Starting with the line that contains "Deep Drawing of Stainless Steel", copy each line exactly through the end of the listing, and omit all pictures.

Supplied data.
───
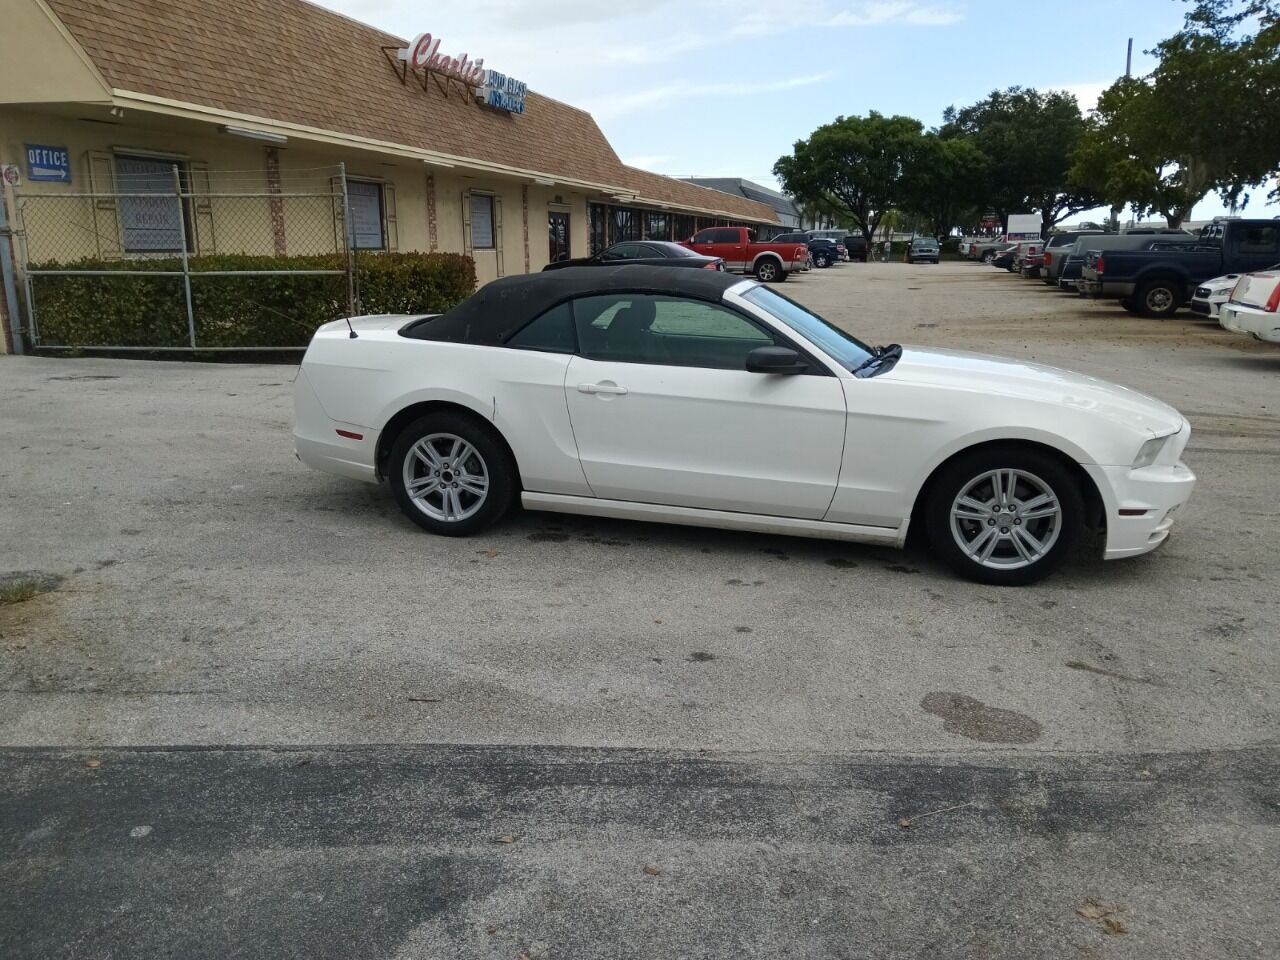 2013 Ford Mustang Convertible - $7,950
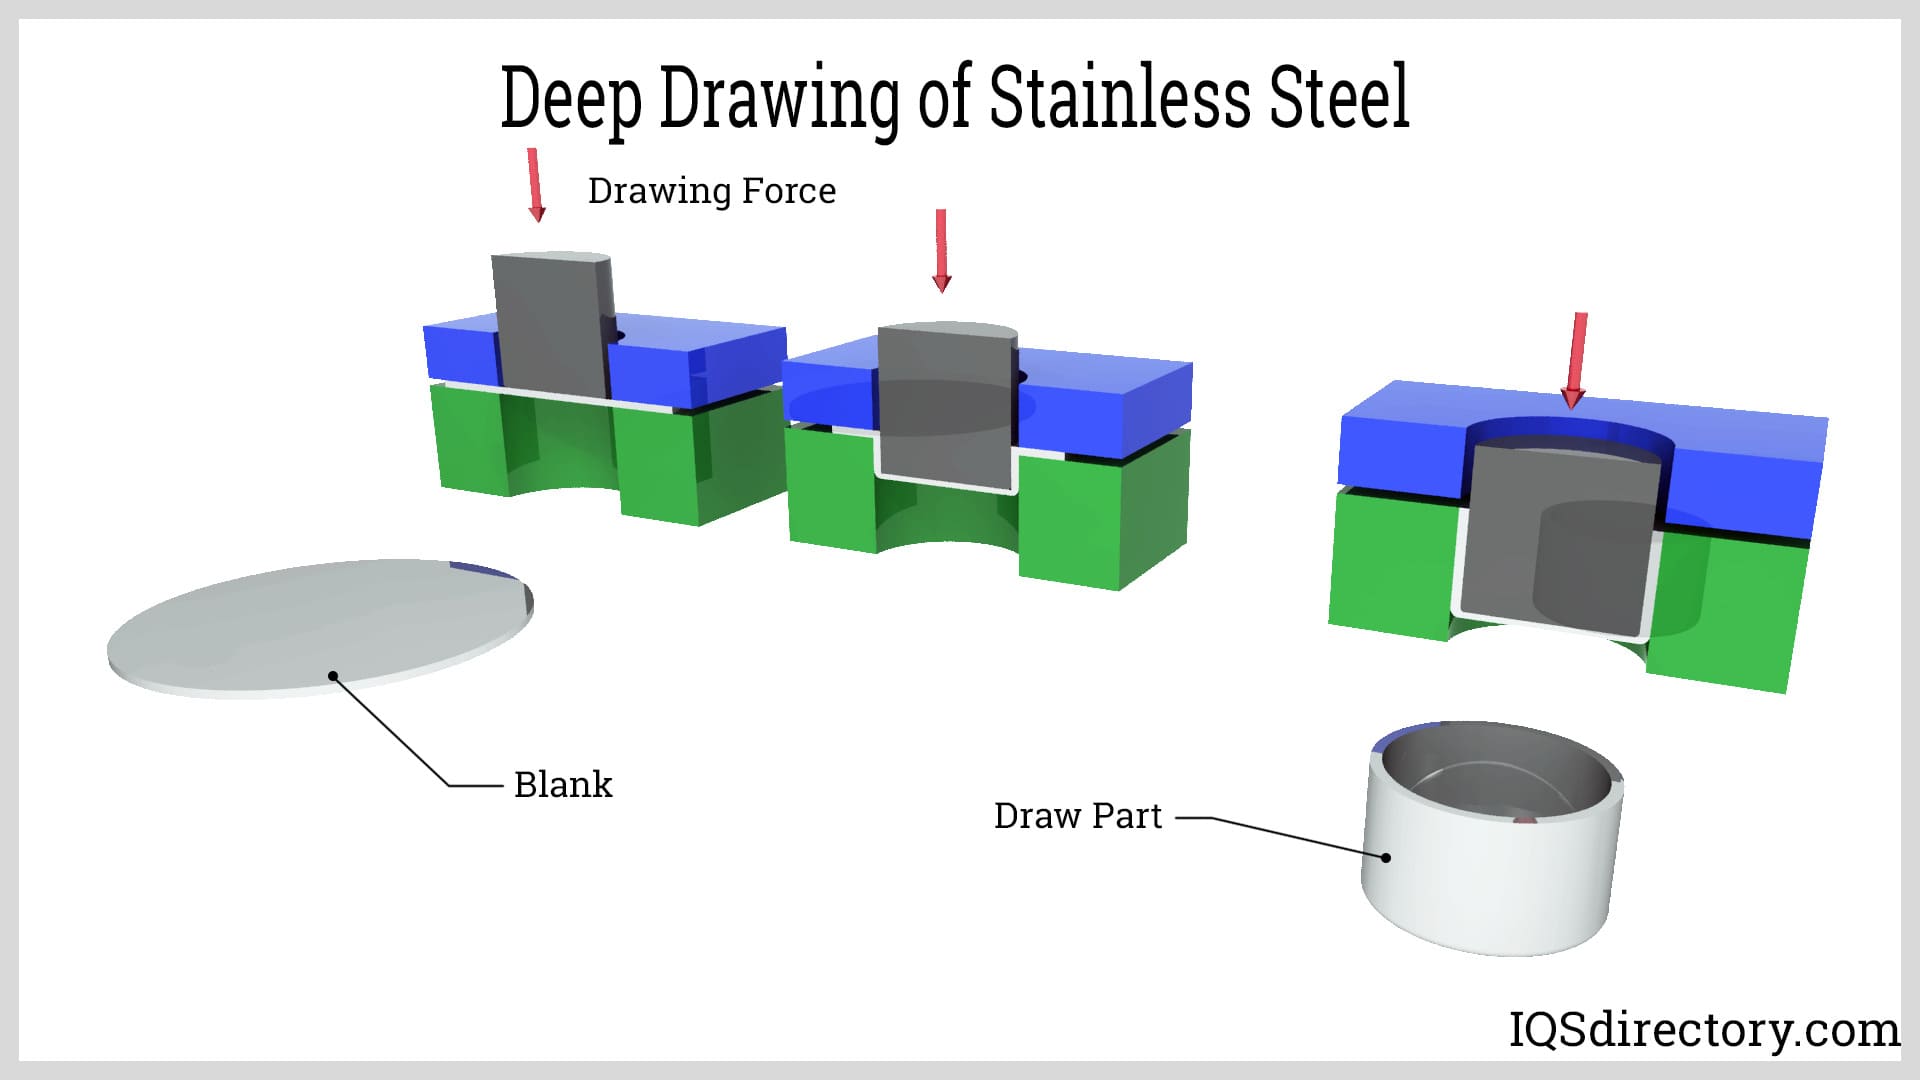 Deep Drawing of Stainless Steel
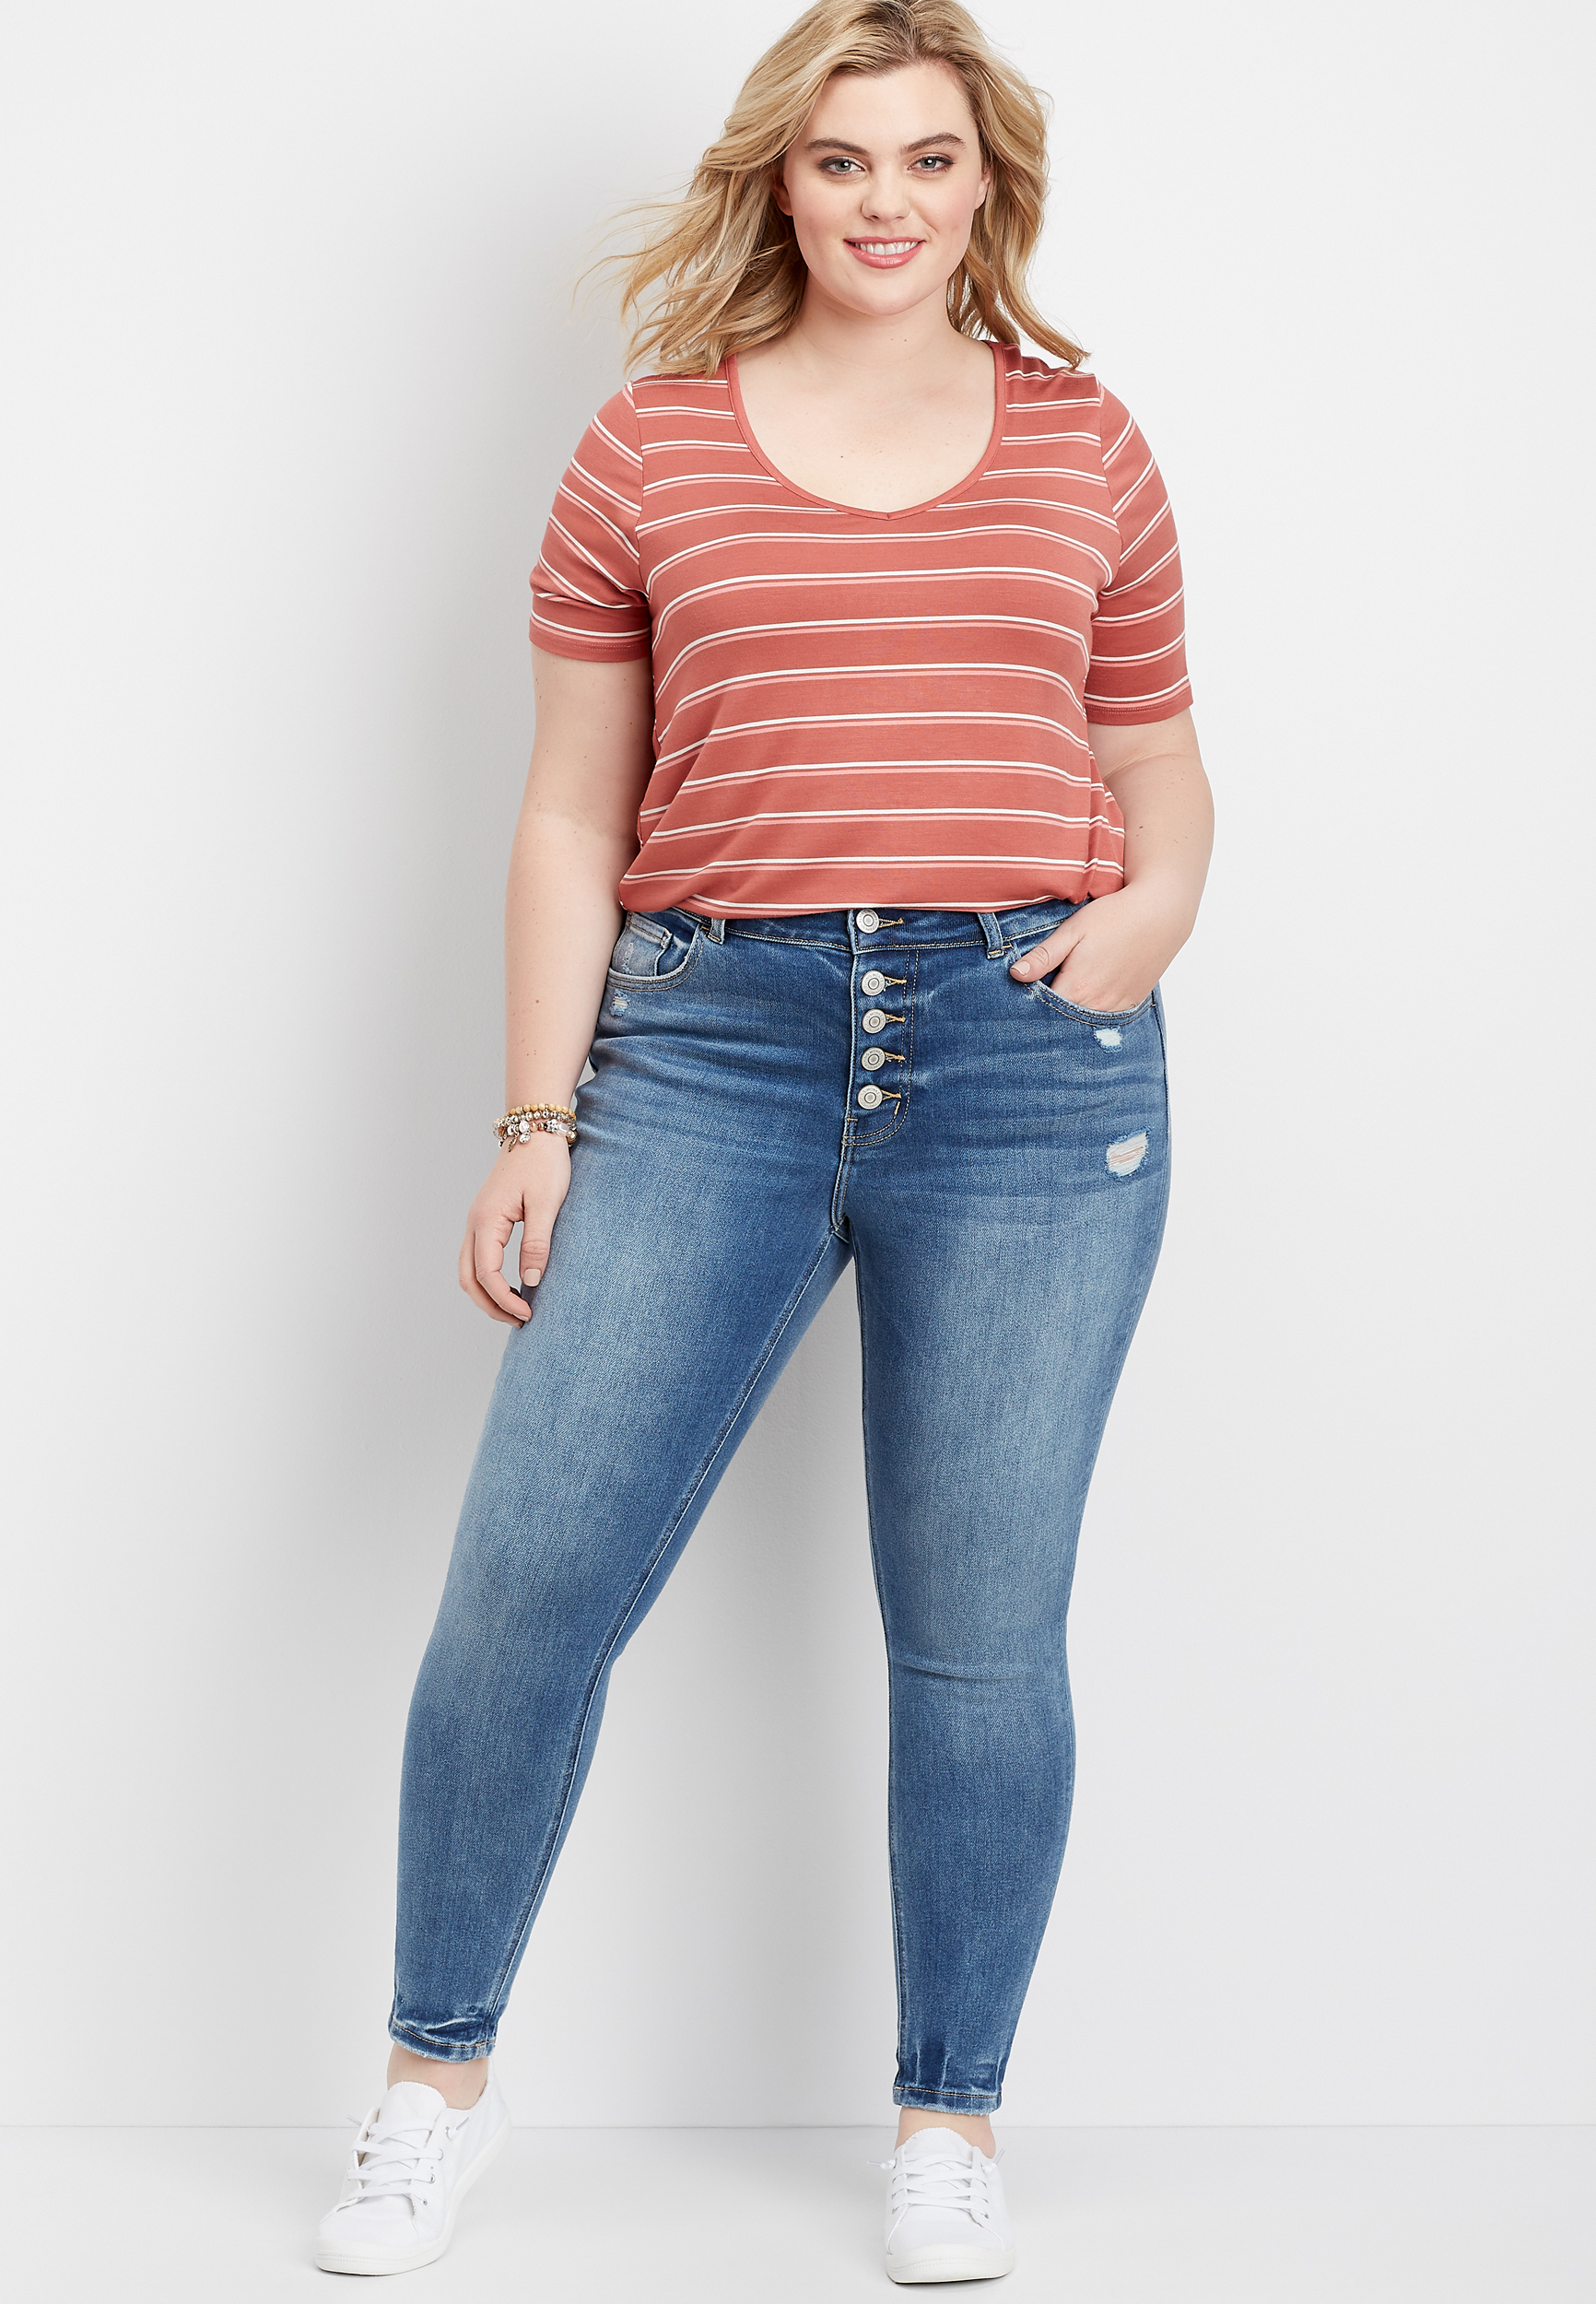 button fly jeans plus size
───
Exercise answer.
 Deep Drawing of Stainless Steel
 button fly jeans plus size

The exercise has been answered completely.